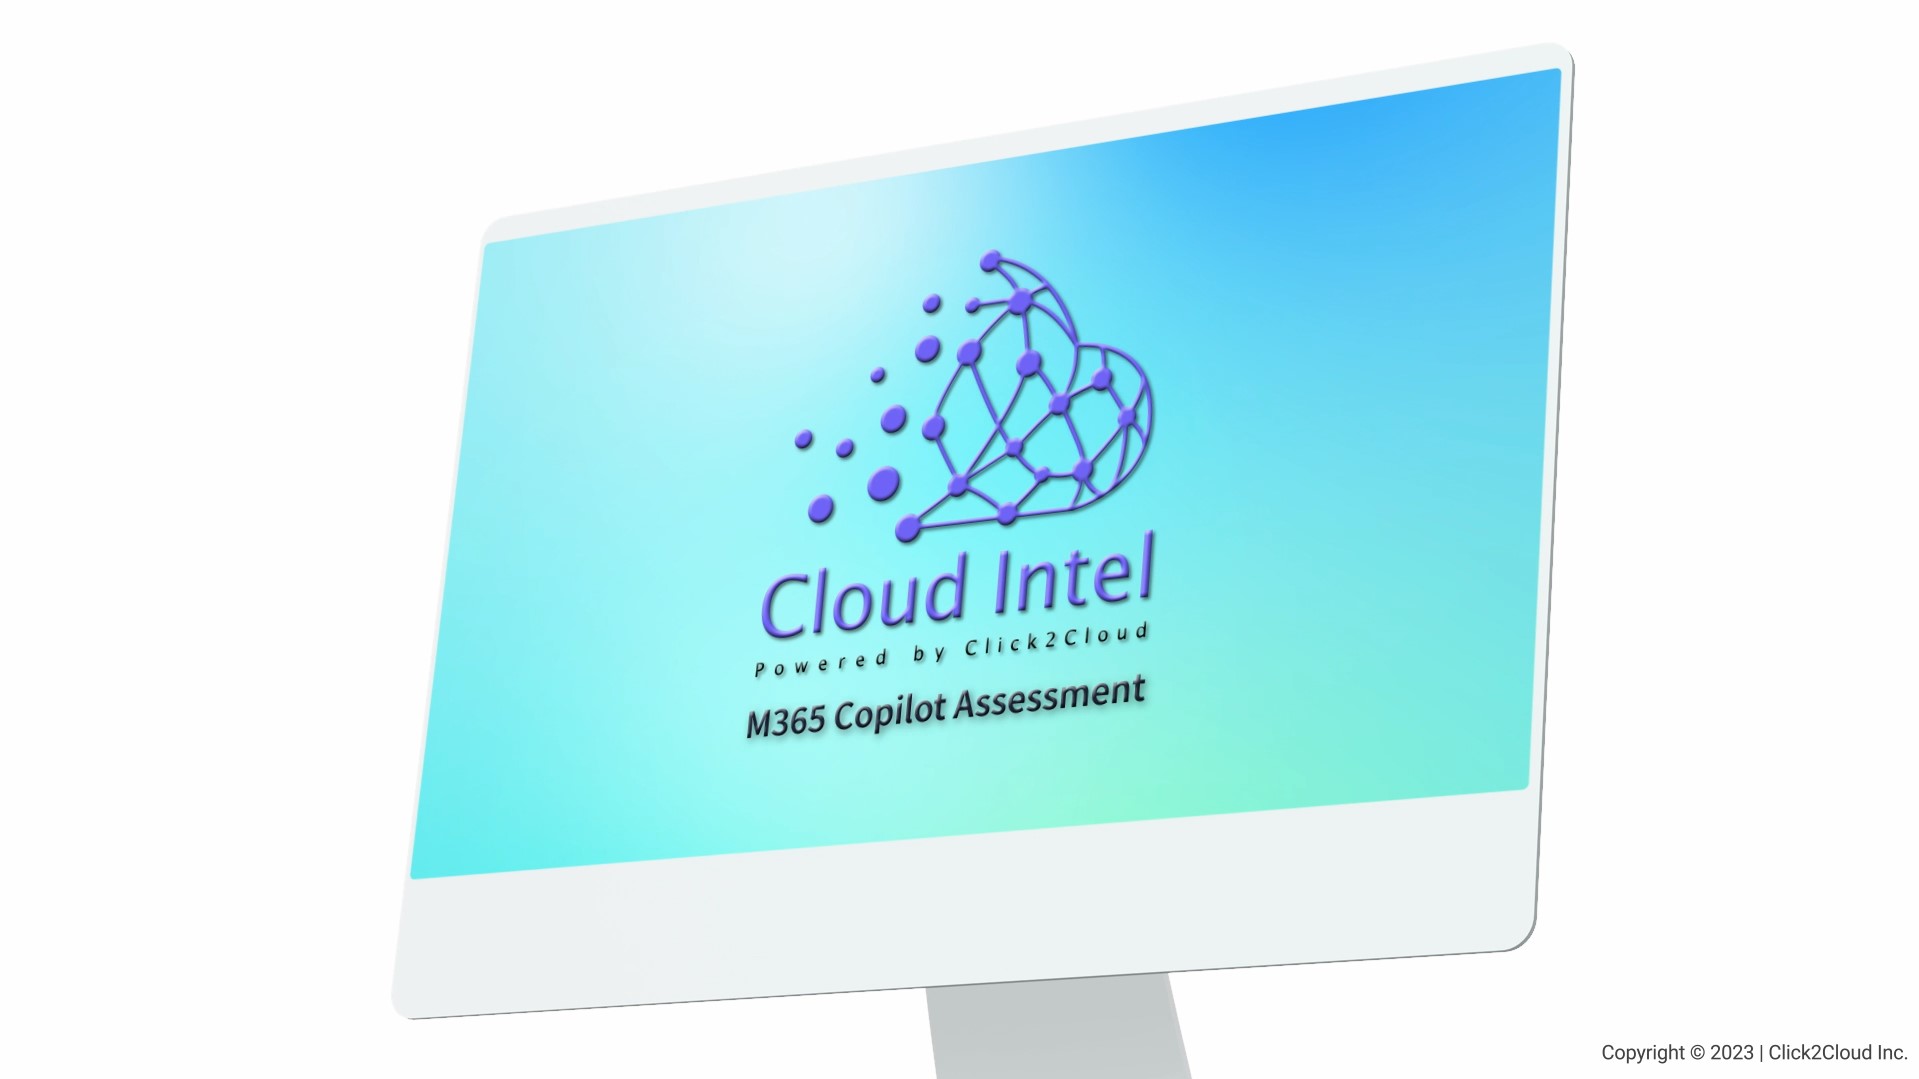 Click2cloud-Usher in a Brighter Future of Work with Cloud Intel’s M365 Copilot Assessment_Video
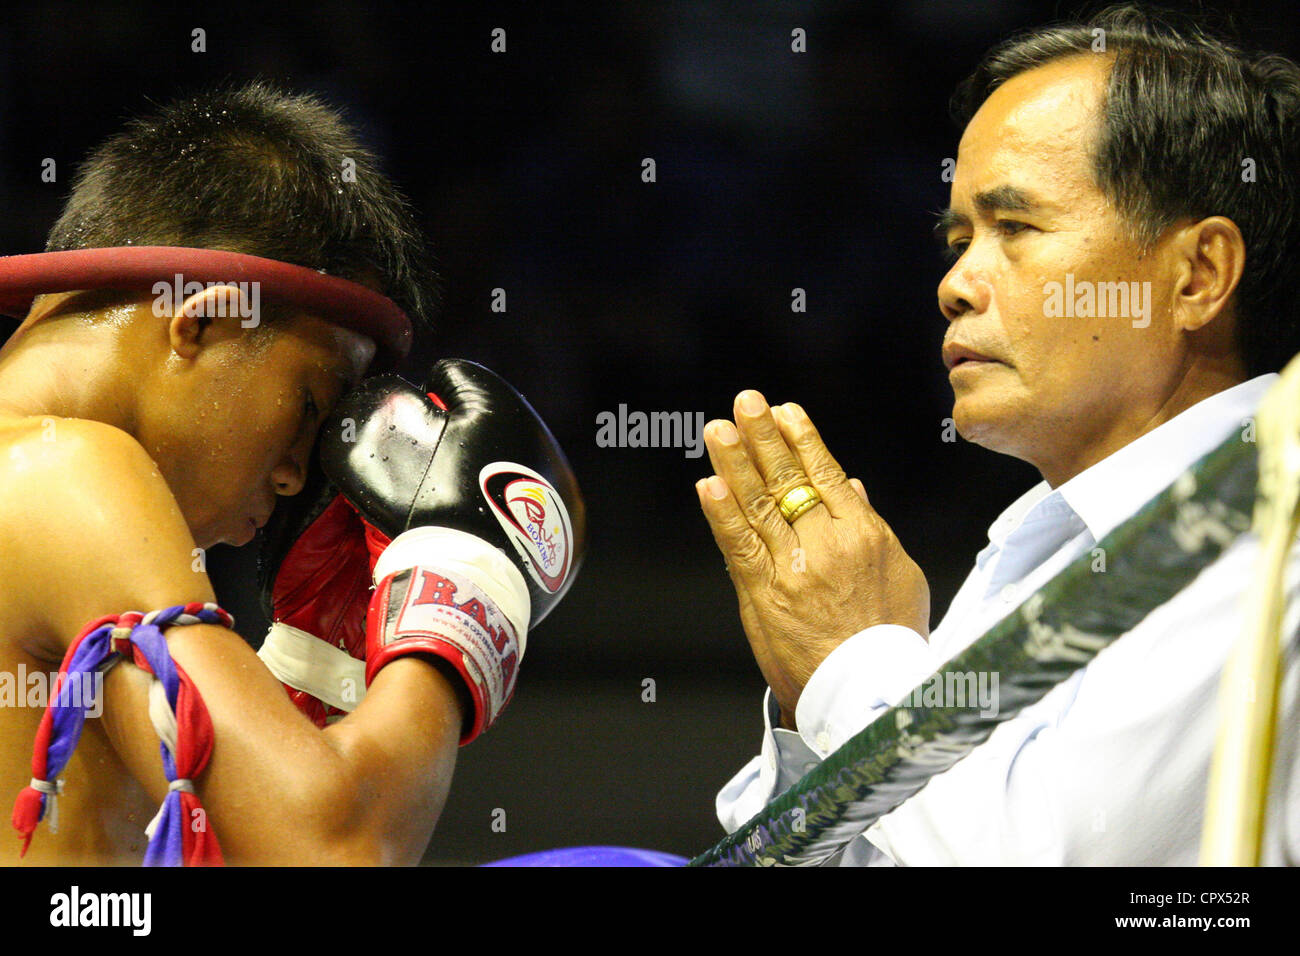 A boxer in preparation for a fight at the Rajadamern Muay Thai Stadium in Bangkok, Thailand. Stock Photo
...
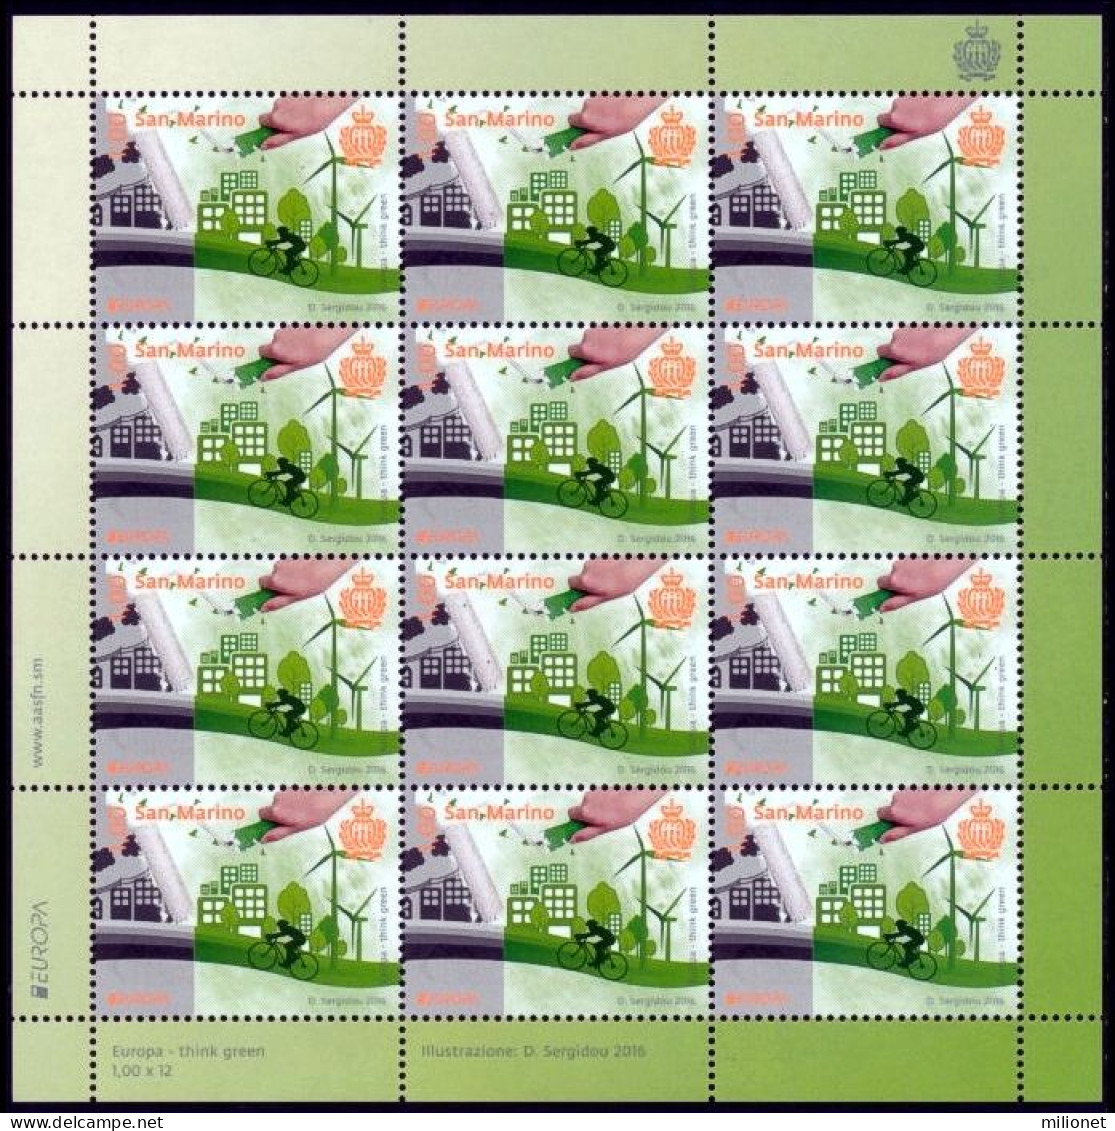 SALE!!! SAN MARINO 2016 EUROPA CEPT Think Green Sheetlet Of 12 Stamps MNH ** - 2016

> Work instructions: Whatever pictures the records hold, omit them; give again exactly the lines from the one containing "Click2cloud-Usher in a" through the one containing "A boxer in preparation".

> Your response:
 Click2cloud-Usher in a Brighter Future of Work with Cloud Intel’s M365 Copilot Assessment_Video
 A boxer in preparation for a fight at the Rajadamern Muay Thai Stadium in Bangkok, Thailand. Stock Photo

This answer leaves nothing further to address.